This repository contains information about deliverables, project ideas, and all things related to the final project.

Overview

DSAN 6725 is an applied AI course. The focus is on building production-quality AI agent systems that solve real problems. All projects must implement AI agents unless an alternative approach is explicitly approved by the professor.

This repo provides project ideas but you are not limited to these. You can explore other ideas but it is incumbent upon you (your team) to discuss these ideas and get approval before proceeding. The ideas suggested here are practically useful and have been selected because they have a reasonable chance of success in a 6-week timeframe.

This repo is organized into the following parts:

Project Ideas

These project ideas have well-defined problem statements, but the implementation details are flexible and open to creative solutions. Use the descriptions provided as springboards for your own approaches to solving these problems.

Spring 2026 Projects

Archived Projects

Previous semester project ideas are available in spring-2025/.

Deliverables

All deliverables are described in deliverables.md.

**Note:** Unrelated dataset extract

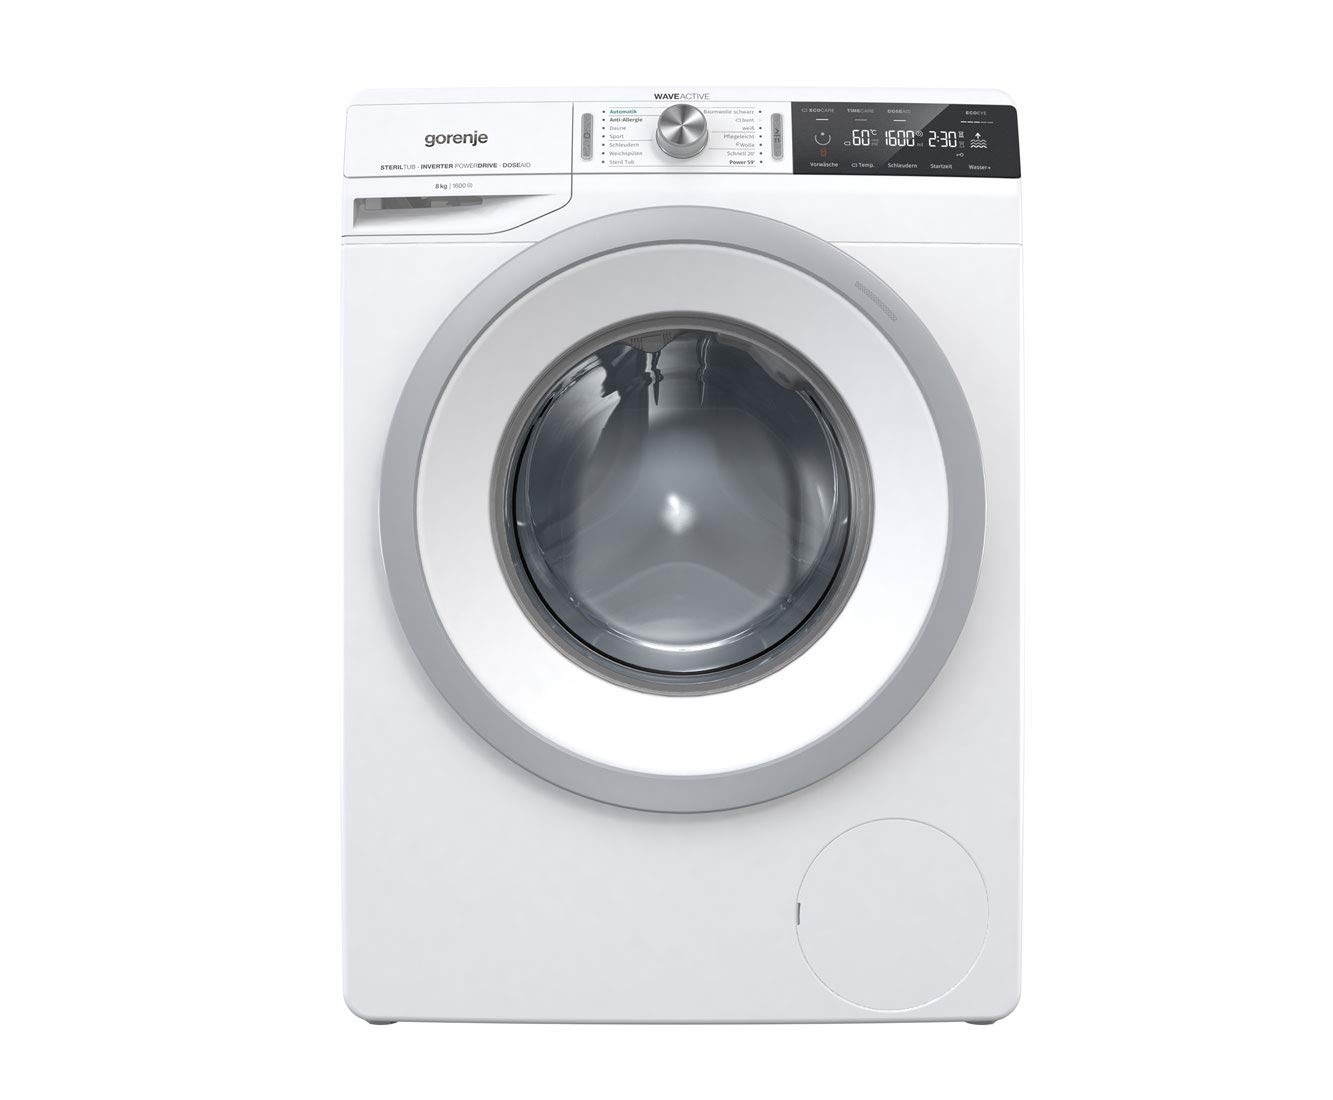 gorenje-WA866T-Waschmaschine-wei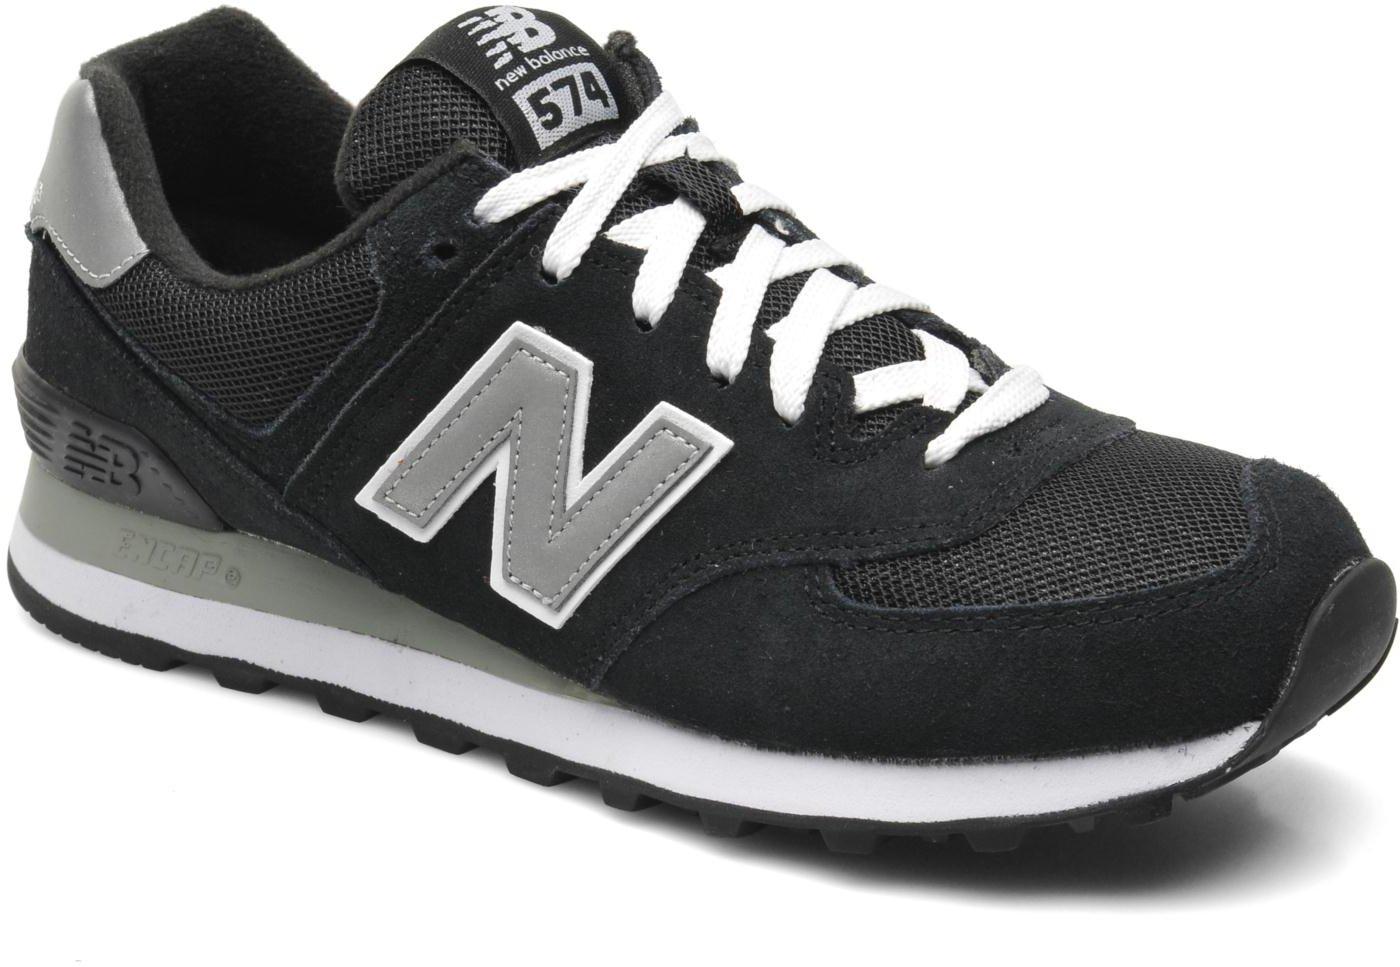 New balance blau Sneaker Turnschuh Schuhe Herrenschuhe 42,5 42

Summary of what you will produce:

  • Project paper (8-12 pages, conference format)
  • Code repository (production quality)
  • Working demo
  • Presentation slides
  • Conference-style poster

FAQ

Can I do this project alone or with more than 4 people? No. Teams must have 2-4 members.

Can I use any model provider (OpenAI, Anthropic, Google, etc.)? Yes. Use whatever works best for your project.

What if I want to propose a different project idea? Discuss with the professor before Milestone 1. Your proposal should have a clear problem statement, feasible scope for 6 weeks, and an AI agent architecture.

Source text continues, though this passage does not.